Further, we observed only little detrimental influence of the fixation cross on (correct) location recall, in contrast to what we had predicted. We propose that the absence of a clear effect in this particular task may be explained by participants exploiting the benefit of a steady frame of reference for encoding and retrieving spatial patterns by suppressing saccades to relevant locations (as suggested by Lange & Engbert, 2013, for encoding). But more investigation is necessary to establish the link between encoding and decoding strategies along the lines of Bochynska and Laeng (2015).

Finally, our results point to a somewhat weaker bi-directional Hebbian account of activation in episodic memory (Altmann & Kamide, 2007). In particular, we showed that there is no location-cued episodic retrieval in a paradigm where identity and location are truly unrelated and arbitrary. Only when the object identity is known might the activation of its location activate other parts of the object’s trace (e.g., other visual features that were not initially activated).

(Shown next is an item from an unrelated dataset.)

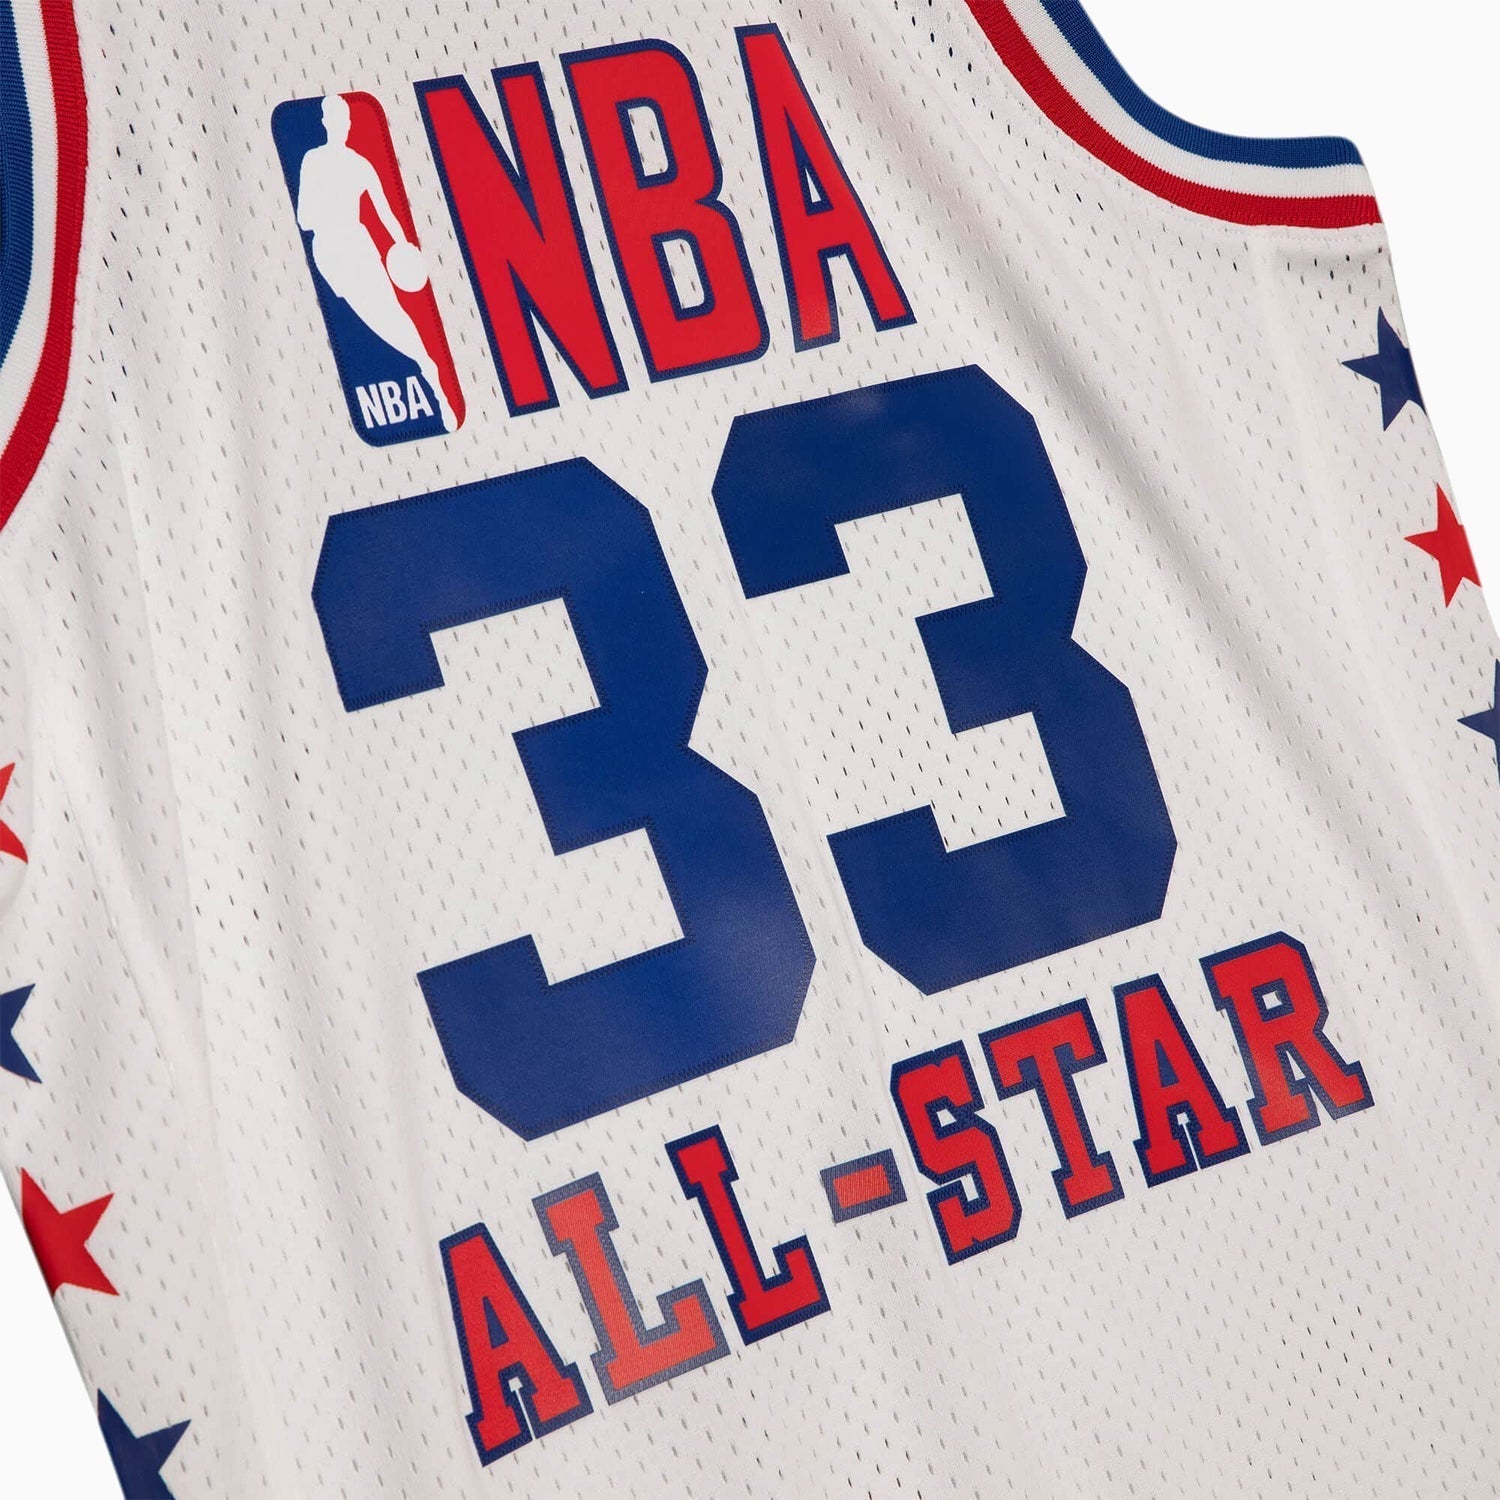 mitchell-and-ness-swingman-larry-bird-all-star-east-nba-1985-jersey-smjylg20012-asewhit85lbi

Of course, the situation may be different when objects are in their prototypical locations, i.e., cups on a table, birds in the sky etc. Here, knowing the location of an object may indeed facilitate the retrieval of which specific object had been there. Further research is required to explore these possibilities.

To conclude, we have presented an experimental design which allowed us to investigate whether object recall is facilitated by cueing the ‘semantically unrelated’ location of the to-be-recalled object in a clear and consistent manner. The results of this experiment suggest that there is no location-cued episodic retrieval in paradigms where identity and location are unrelated. That is, there is no advantage of retrieving and, crucially, moving ones eyes to a location for the subsequent retrieval of identity information.